There was a time when we all loved Southern summers. They weren’t so hot or humid, they weren’t miserable at all. But what was once our favorite time of year has turned into the season of complaints. 

If you stop and stare at a rain puddle in the yard long enough, you can almost remember what your feet felt like when you’d splash in the mud after a rainstorm. You can recall riding bikes and eating popsicles on days when the heat never bothered us. The cold movie theatre would show Batman and Pete’s Dragon for free and we’d drink cherry Slushies till our tongues were frozen and made us talk funny. 

We’d catch lightning bugs and small toads for entertainment better than any video game. Our parents would take us to family reunions where we’d eat chicken and dumplings and deviled eggs and try to poke our fingers into 15 different cakes. 

We’d spend a week with our grandparents and were allowed to play in the creek, pick corn and throw watermelon rinds to the cows. No one worried about us riding in the back of pick-up trucks and the wind would blow through our sticky hair while we laughed and sang with our cousins. 

Vacation Bible School was the only time in the summer we had to wake up early. We’d come home with cheeks stained with purple Kool-Aid and our fingers sticky from gluing popsicle sticks to a milk carton. Our hearts were full of songs about Jesus and we never once mentioned the temperature outside.

But now we say it’s hotter than new love and there’s no way we can even walk to the mailbox. We buy our tomatoes from the farmer’s market because we can’t possibly make a garden ourselves in this heat. We tell our children to stay inside and watch movies or play video games because obviously the heat is too much for them. They need to be driven to friend’s houses because a bike ride on a day like today would certainly kill them. 
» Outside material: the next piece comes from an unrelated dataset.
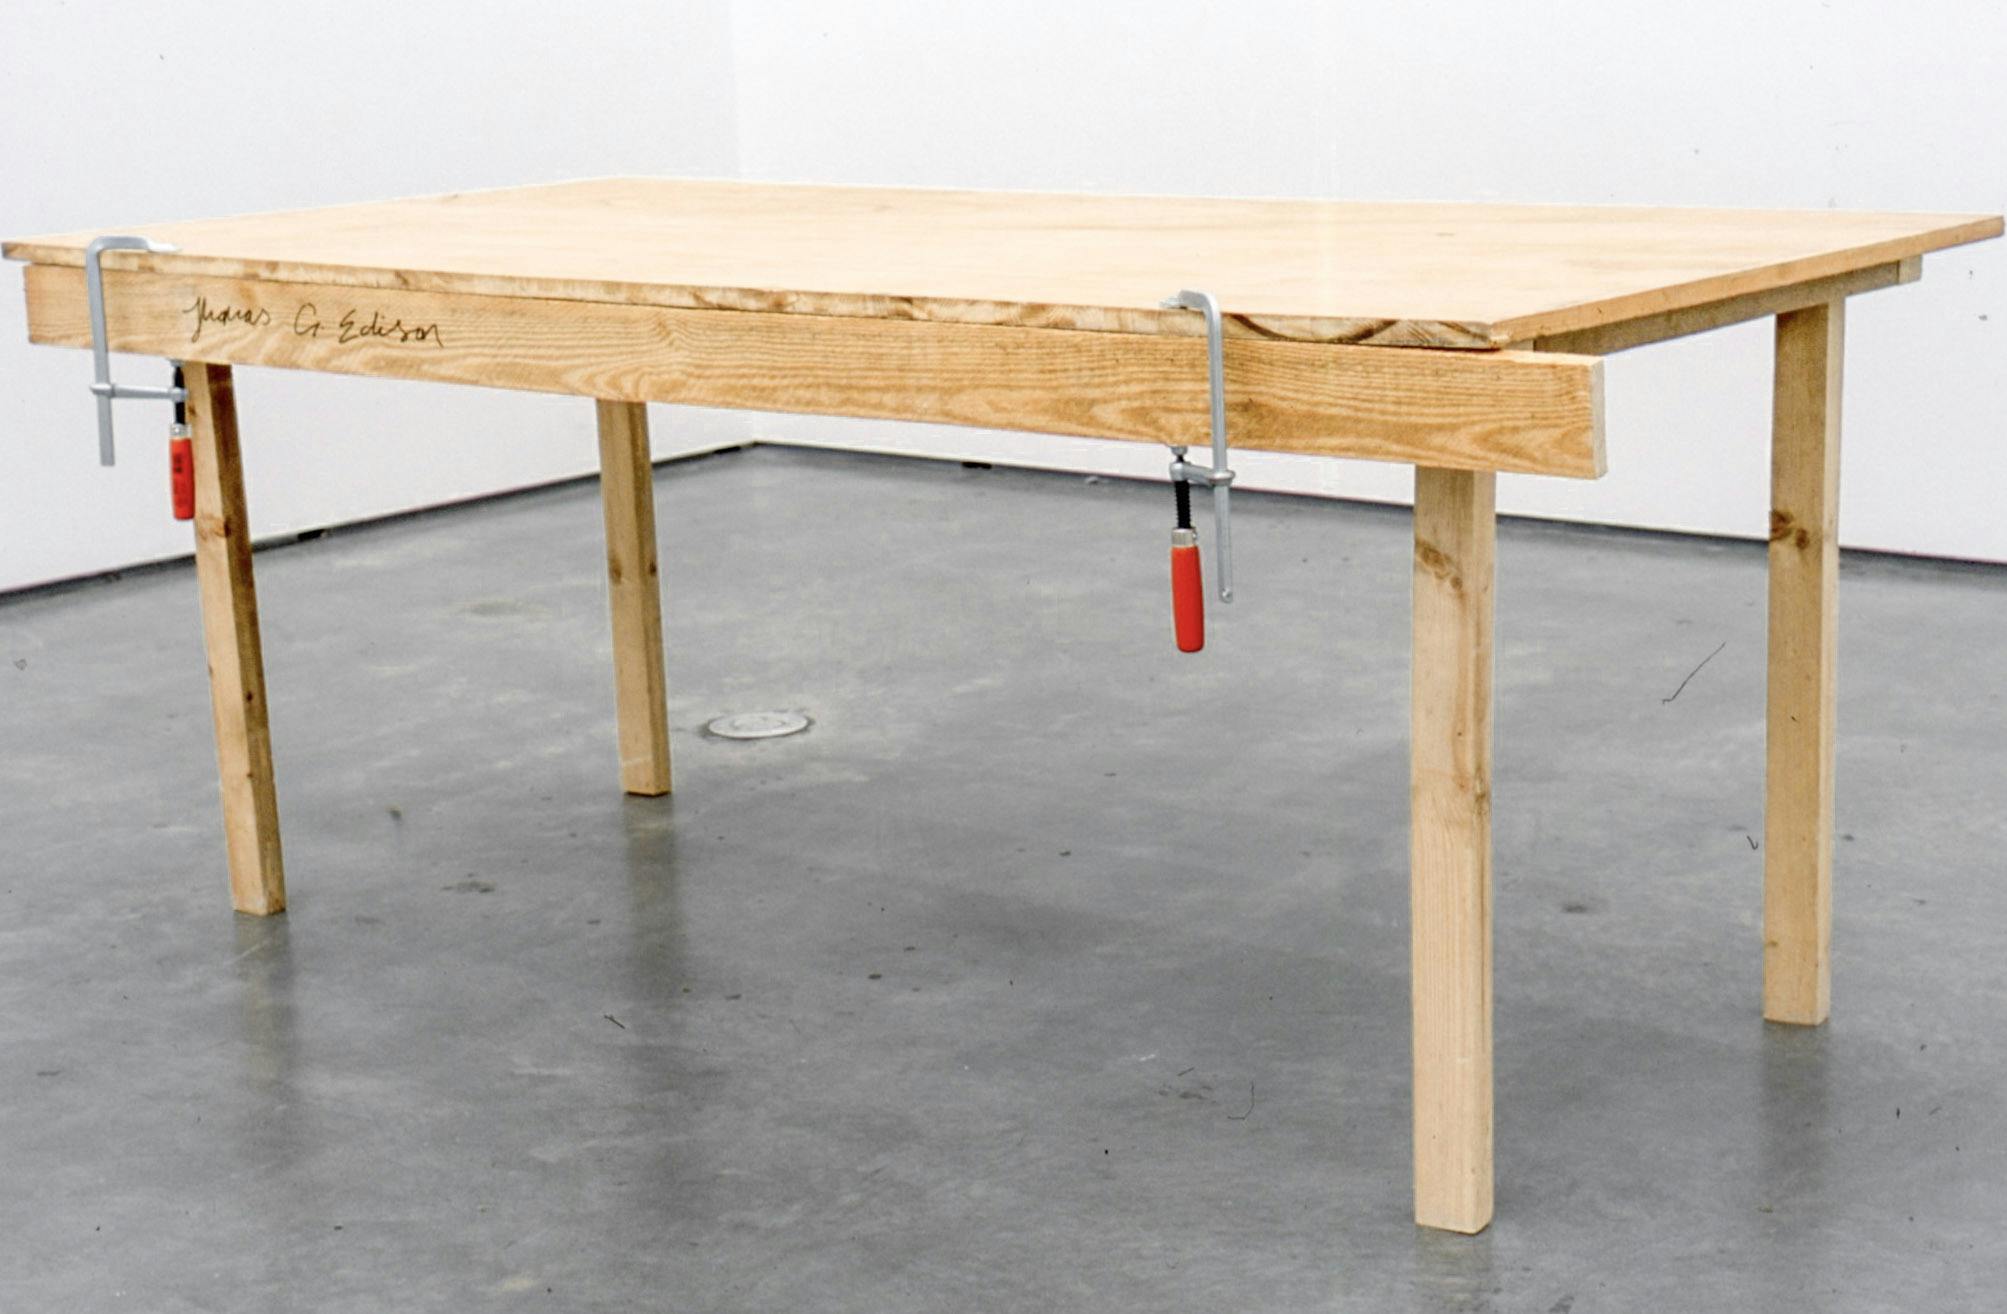 Detail of an installation work by KirstenPieroth. A wood table placed on a gallery floor has a signature that is read “Thomas G. Edison.” Two bar clamps are attached to the long side of the table.

But sometimes, around the end of July, we’ll hear a song on the radio and it reminds us of a day at the beach with sandwiches and icy bottles of Cokes. For a split second, we recall being in love with Southern summers. A breeze blowing against our face reminds us of singing into a rotary fan to make robot voices and the chime of our seatbelt makes us look over our shoulder for the ice cream truck. 

Maybe it’s not the heat we hate, but instead, it’s the lack of carefree days that drives us crazy. When childhood days were sweltering, we’d run through a sprinkler. Now, we have to climb in the hot car with scalding seats and go to work. 

Our homemade ice cream freezers have been replaced with Insta-Pots and our Slip ‘N Slides have been traded for phones loaded with mindless games. It’s not the heat or humidity. It’s not the frizzy hair or crowds at the beach. What makes us dread summers now is that we’ve forgotten how to enjoy them. Southern summers were made for playing. They were given to us as a little treat for enduring the rest of the serious year.  Summertime was created for children and those who are still young at heart. 

This story first appeared on AL.com

  • Your writing brings such joy. I save the stories to read when I’m stressed. Right now I’m sitting in the ER with Mom. Thanks for the few minutes of relief.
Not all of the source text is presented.